What Is the Barmen Declaration? A Complete Introduction

Ordained Minister, M.Div.
March 21, 2026

In May 1934, as the Third Reich tightened its grip on German society, a group of Protestant pastors and theologians gathered in the city of Barmen to do something radical: confess their faith. The result was the Theological Declaration of Barmen — six theses grounded in Scripture, each affirming the lordship of Jesus Christ and rejecting the accommodation of the church to National Socialist ideology.
The Crisis That Demanded a Confession
When Hitler became chancellor in 1933, a movement called the 'German Christians' (Deutsche Christen) gained power within the Protestant church.
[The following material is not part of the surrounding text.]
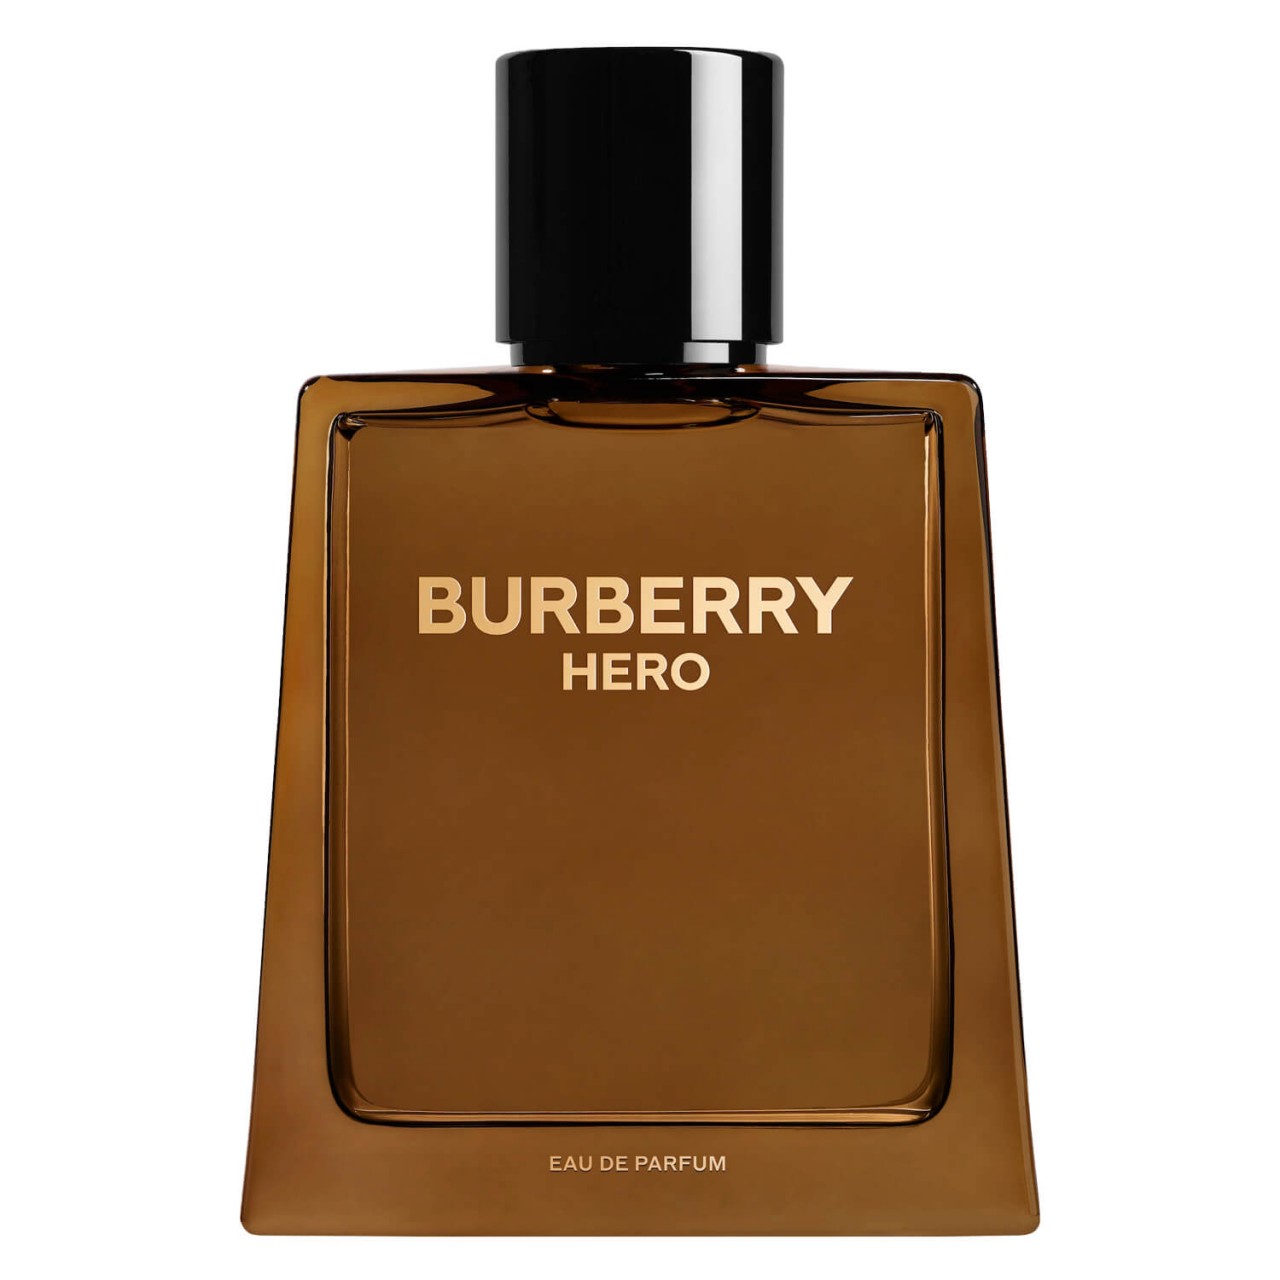 Burberry Hero - Eau de Parfum von Burberry

They wanted to align Christianity with National Socialism — introducing racial purity requirements for clergy, replacing Old Testament readings with Nazi ideology, and subordinating the church's authority to the state. They saw Hitler as a new kind of revelation.
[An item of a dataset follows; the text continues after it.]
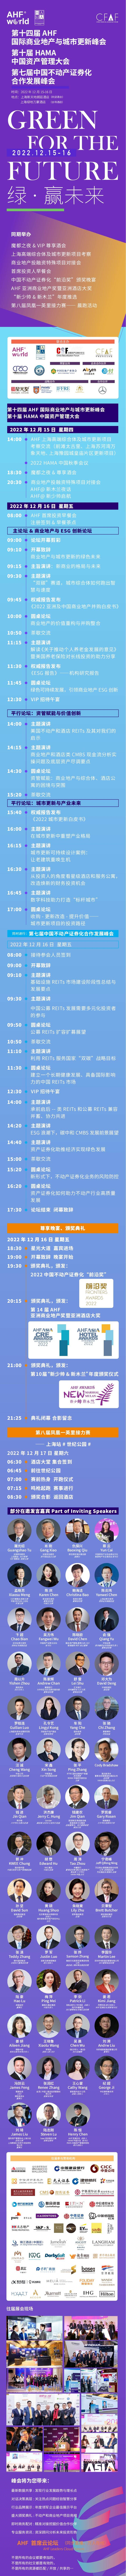 第十四届AHF国际商业地产与城市更新峰会(5)_00_副本.png

In response, a network of pastors, including Martin Niemöller, formed the Pastors' Emergency League, which eventually became the Confessing Church (Bekennende Kirche). They refused to accept the German Christians' takeover — and at Barmen, they put their refusal in writing.
Karl Barth's Pen
The declaration was drafted primarily by Karl Barth, the Swiss Reformed theologian who was then teaching at Bonn. Barth later recalled writing the document in one sitting, sleeping briefly, then revising. He was the right man for the moment — his theology of the Word of God, developed in his massive Church Dogmatics, had already established Christ as the sole ground of Christian knowledge. Barmen simply applied that conviction to the crisis at hand.
Six Theses, One Lord
Each of the six theses follows the same pattern: a Scripture passage, a positive affirmation of Christian truth, and a formal rejection of a false teaching. Thesis 1 declares that Jesus Christ is the one Word of God — no other voice, power, or historical figure may stand beside him as a source of revelation. Thesis 5 directly addresses the state, affirming its limited God-given role while rejecting totalitarianism. Thesis 6 insists the church exists only to proclaim free grace.
A Confession for All Time
Though born in a specific crisis, the Barmen Declaration has proven to have lasting relevance. The Presbyterian Church (USA) included it in its Book of Confessions in 1967. Churches in South Africa invoked it during apartheid. Theologians invoke it today whenever governments demand that churches bless their agendas. It is a model of what it looks like when the church remembers who its Lord is.